Big Empty Glass Buildings

May 4, 2008

Commercial real estate owners, pay attention to this telecommuting/coworking trend.
A building is not a very liquid asset. There it is; it isn’t going anywhere. It’s only valuable if someone wants it.
Right now, most Americans have two spaces to spend their time in: their home and their office. When they’re in one place, the other place [...]

Commercial real estate owners, pay attention to this telecommuting/coworking trend.

A building is not a very liquid asset. There it is; it isn’t going anywhere. It’s only valuable if someone wants it.

Right now, most Americans have two spaces to spend their time in: their home and their office. When they’re in one place, the other place sits empty.

So, at any given time, roughly speaking, half of the space out there is unoccupied. People are either at work, or at home.

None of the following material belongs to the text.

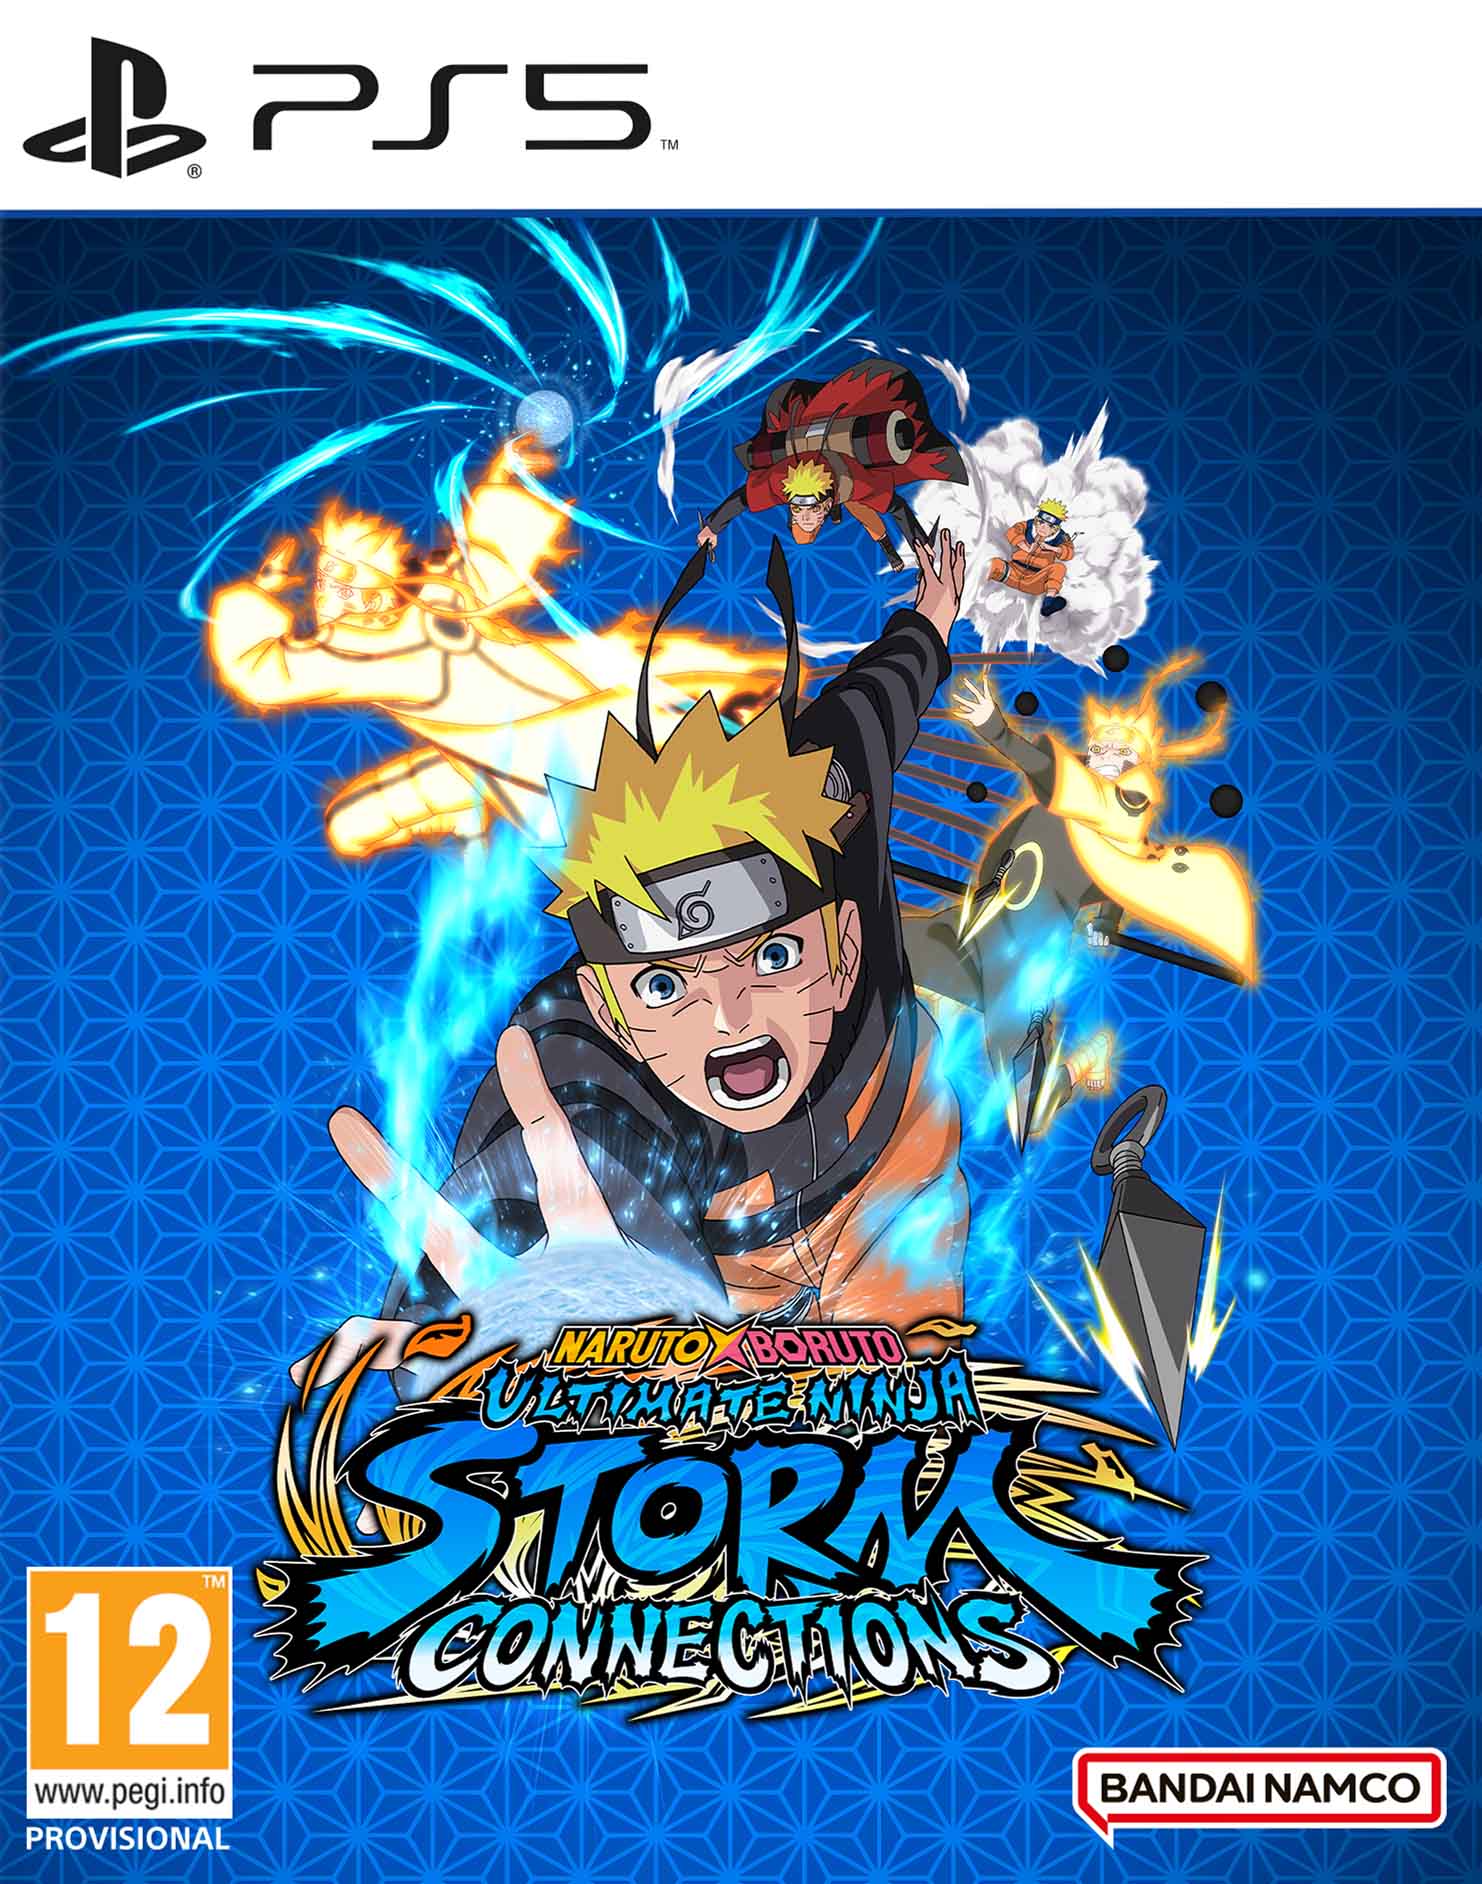 Sony PS3 Playstation 3 Spiel Naruto Ultimate Ninja Storm 1 NEU*NEW

Billions of square feet of office space have been built on this balance. Countless dollars and resources invested in erecting spaces for people to commute to and work inside of.

But what if something changes that balance? What if having a separate place to spend half your day is no longer necessary? There are advantages, of course, to keeping your work and your home lives physically separate. But what if you were in a position to choose where you worked, instead of working in a predetermined spot?

What if even a small percentage of the hundreds-of-millions of white collar workers in America didn’t need to commute to an office anymore? What if it was twenty percent? Fifty percent? Eighty percent?

If I owned a big shiny billion-dollar glass office building, I’d be awfully afraid of that.

- Tony Bacigalupo

Comments

One Comment on “Big Empty Glass Buildings”

  1. Andrew · on May 4th, 2008 at 9:05 pm · link

    This is a fantastic piece! It is a huge and serious question. I have friends in the commercial real estate business, and they absolutely do not see it! I’ve brought it up before, but their biz assumptions for the next 5-10 years are basically the same they have been working from for the past 5-10 years. For them, Denial IS a river in Egypt.

    It is a Texas-sized elephant standing in the corner…Taking a big shit!